---- Record excerpts
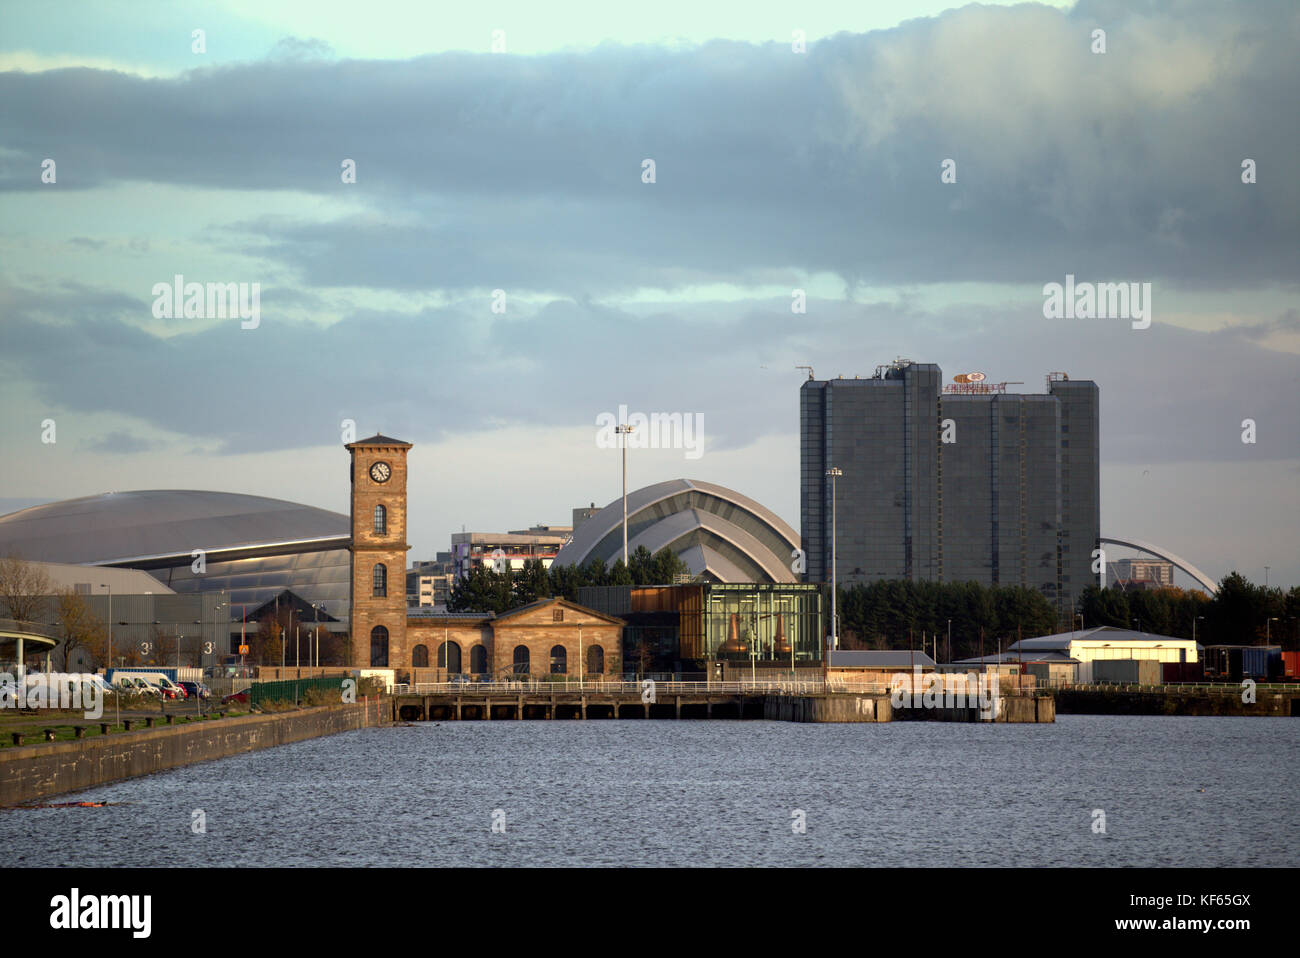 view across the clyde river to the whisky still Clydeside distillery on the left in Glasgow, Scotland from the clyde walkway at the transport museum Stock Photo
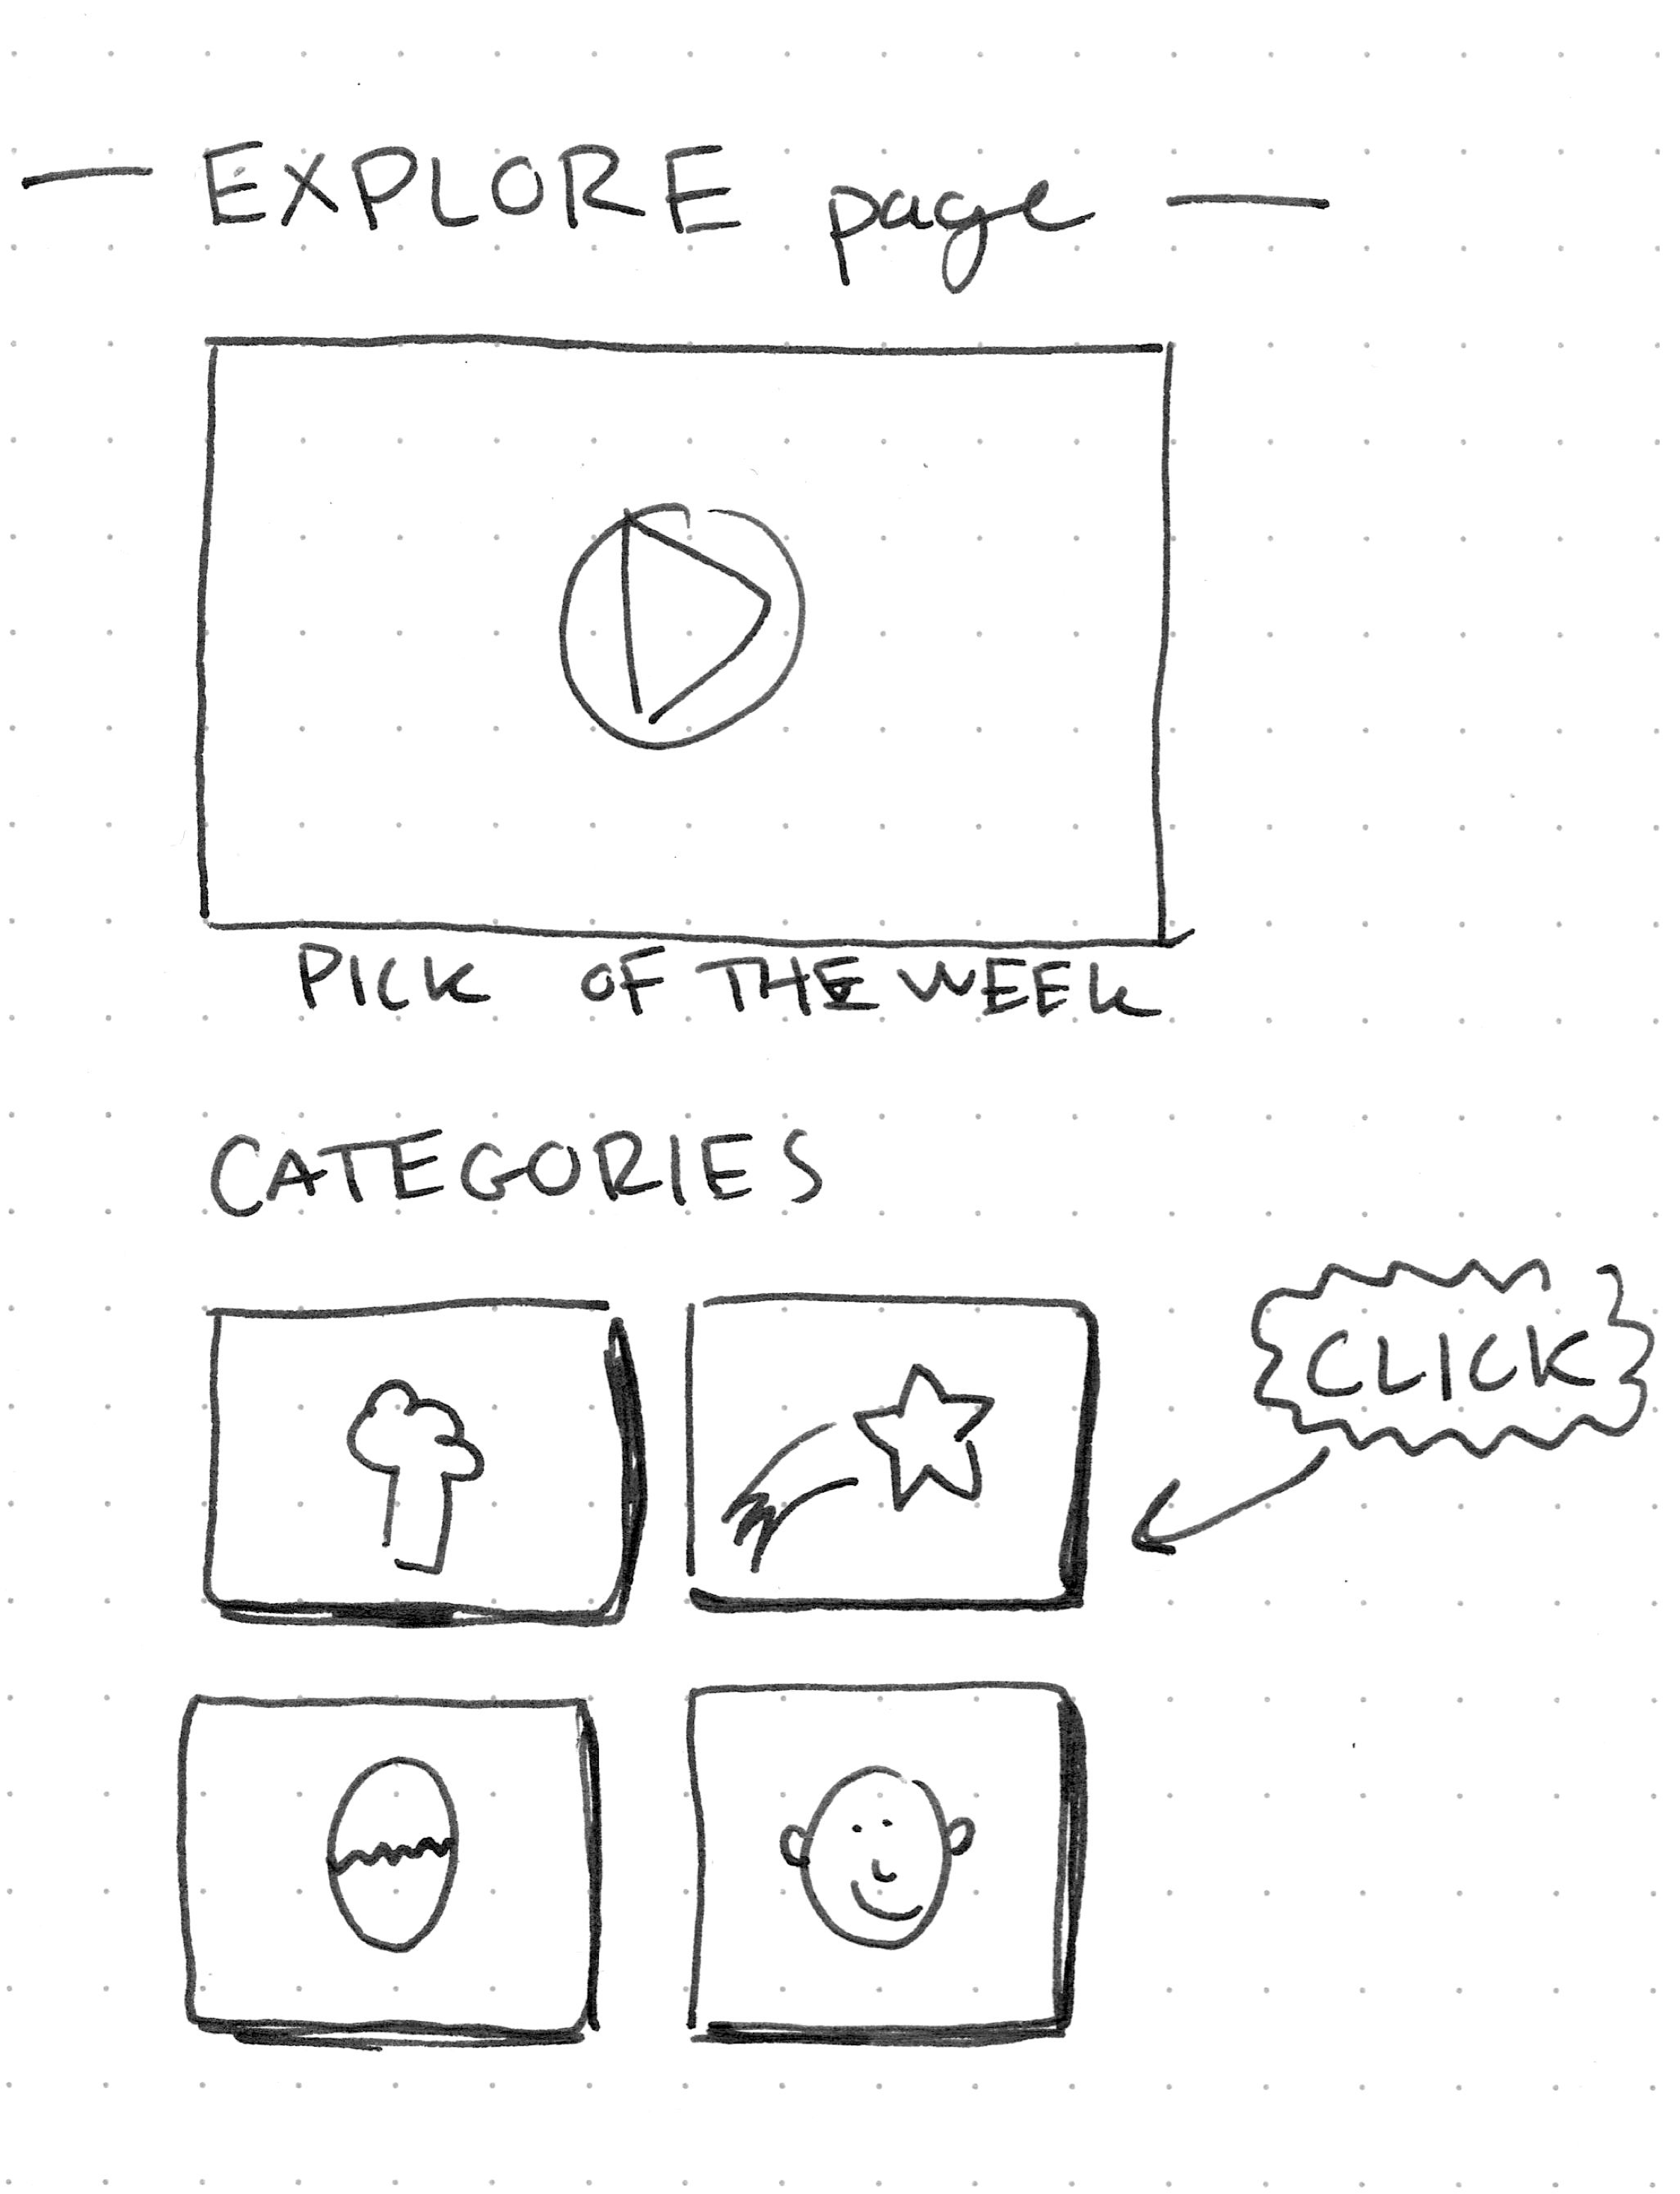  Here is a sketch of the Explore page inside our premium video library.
--------
---- Record excerpts
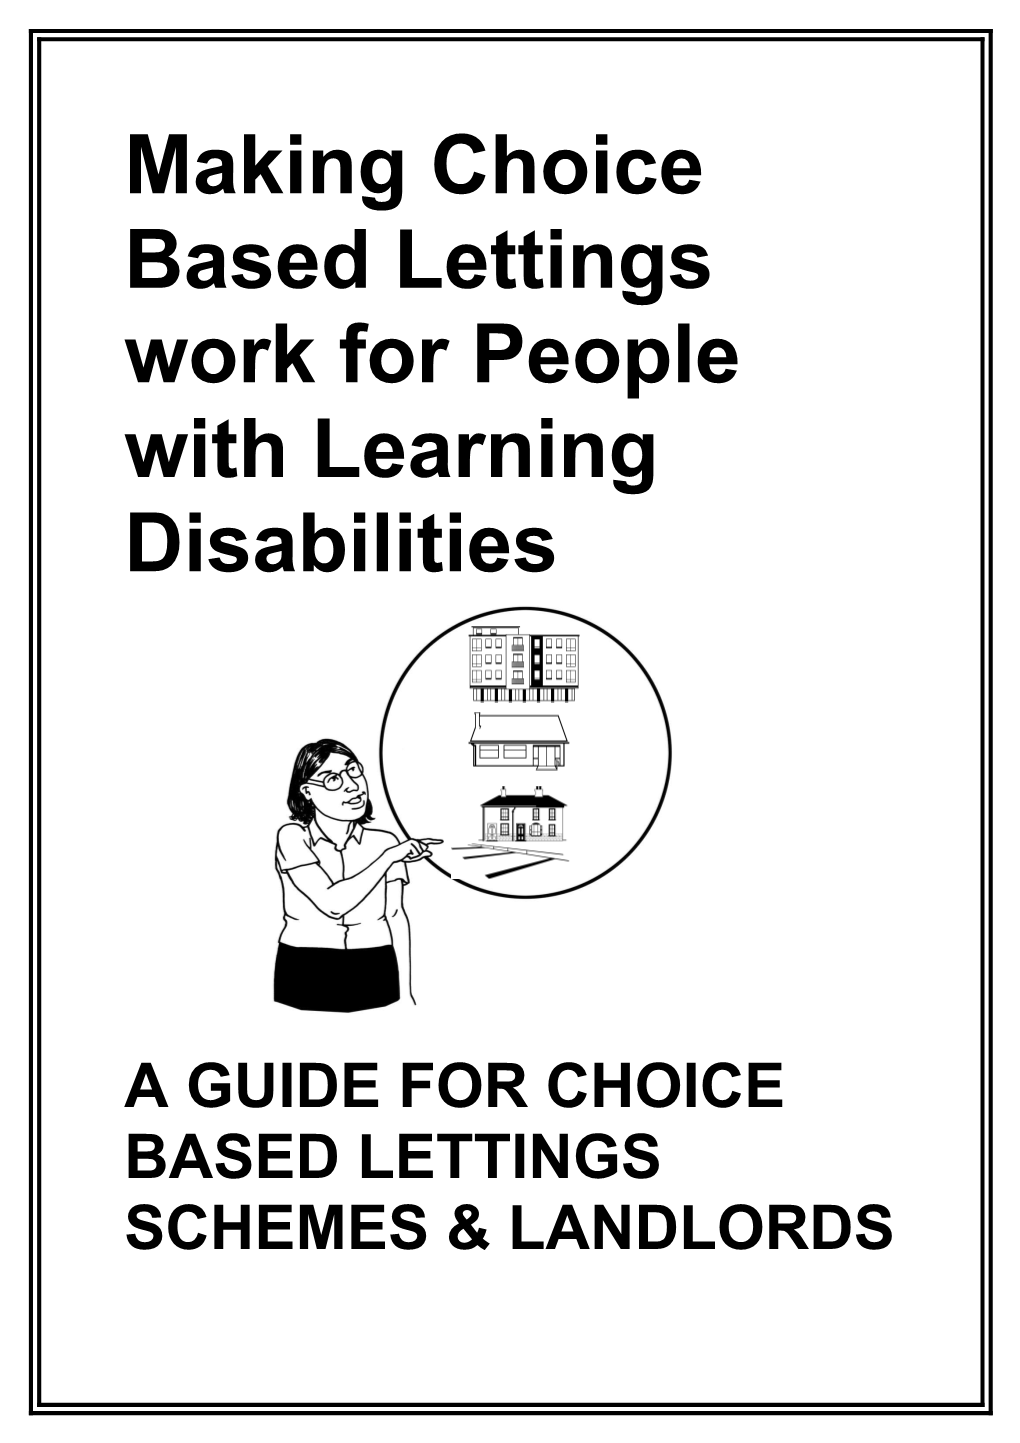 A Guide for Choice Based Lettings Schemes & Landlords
--------
---- Record excerpts
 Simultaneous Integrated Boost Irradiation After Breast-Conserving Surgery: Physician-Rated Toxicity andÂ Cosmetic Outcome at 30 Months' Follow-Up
--------
Starting with the line above that holds "view across the", restate each line word for word up to and including the line that holds "Here is a sketch". Drop the pictures.

 view across the clyde river to the whisky still Clydeside distillery on the left in Glasgow, Scotland from the clyde walkway at the transport museum Stock Photo
  Here is a sketch of the Explore page inside our premium video library.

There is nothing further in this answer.